And in my post-match review, the computer analysis declared the move “Brilliant.”
At first, that made me very happy.
But then I started thinking about it: I didn’t invent that move. I didn’t create anything. I found that move, one that the computer had seen long before I did, along with all the other best moves. By calling it “Brilliant,” the computer was simply patting me on the head: “Nice job, human! You played this game at 88% accuracy! That’s a high B! And you found one brilliant move! You should be very proud.”
And that’s OK for me to feel that way, I mean, I’m not a very good chess player. I was never going to discover new worlds in chess. But the truth is that it’s the same for Magnus Carlsen and Hikaru Nakamura and the very best, too. They also cannot discover new worlds because pretty much all chess worlds have been conquered by the calculations of artificial intelligence bots called Stockfish and Alpha Zero and Leela and, yes, Mittens.

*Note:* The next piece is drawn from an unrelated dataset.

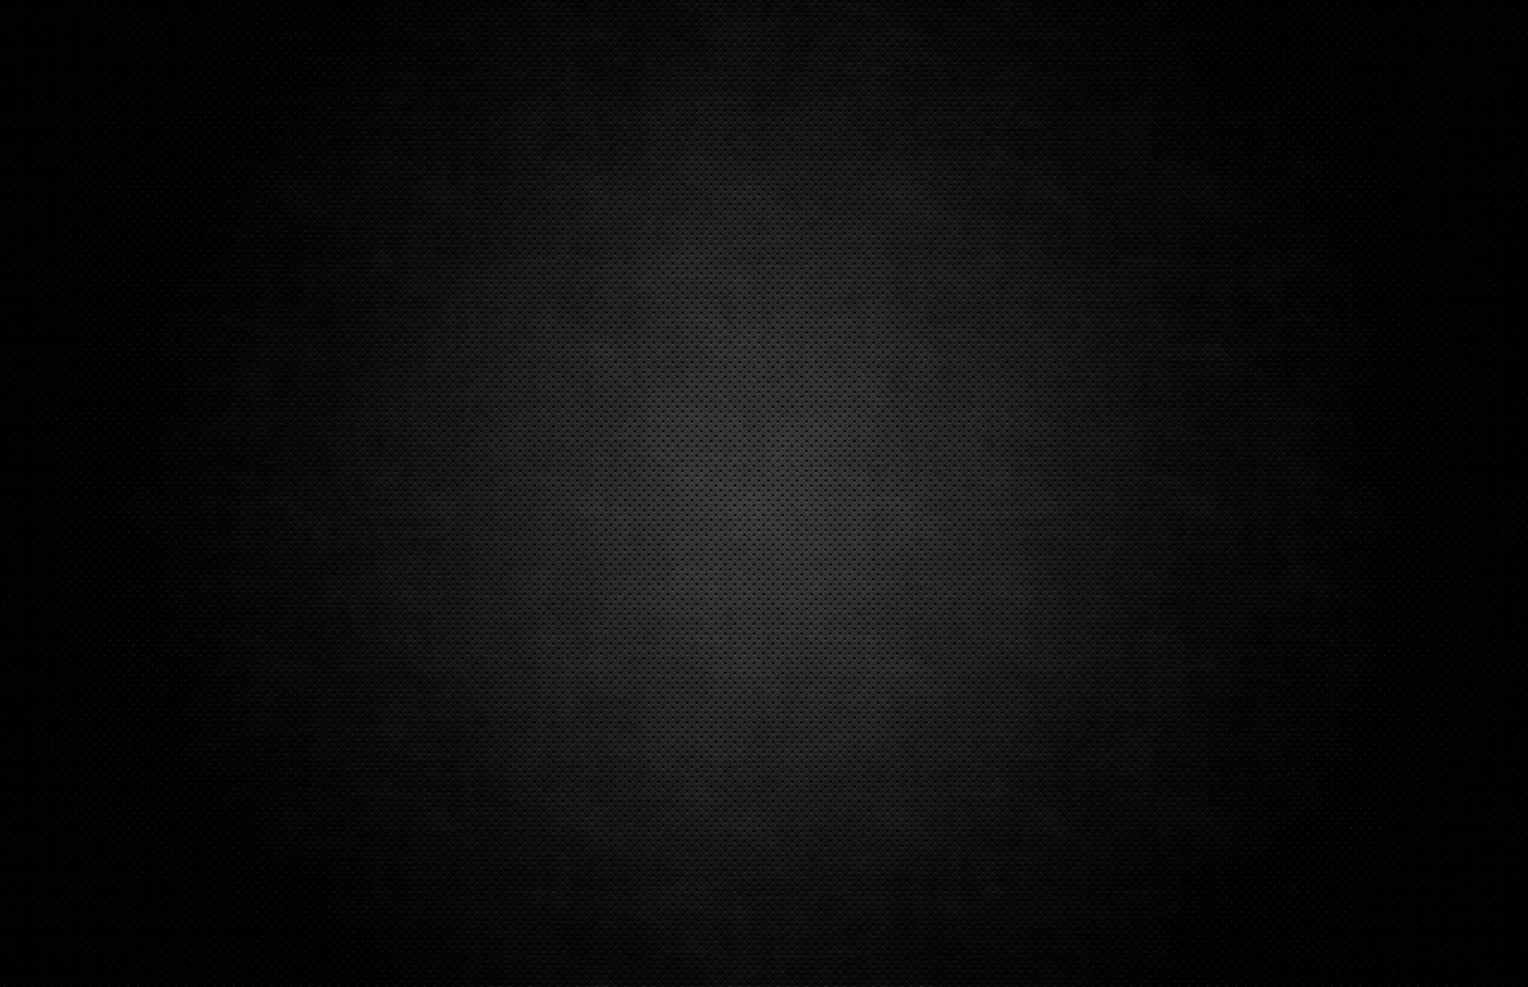 Goyard Wallpaper Iphone 6 Black Texture Wallpaper Word Wallpaper

The bots will only grow stronger. Soon, there will be a Stockfish 16 and a Stockfish 23 and a Stockfish 56, and they will make a mockery of earlier Stockfishes, all while human beings play each other in a game that, like Rubik’s Cube and Tic Tac Toe, had already been cracked.
“I exist at this chess board through all times and realities,” cute little Mittens says at the start of every game. “Hehehe. Meow.”
It’s funny. It’s also not funny.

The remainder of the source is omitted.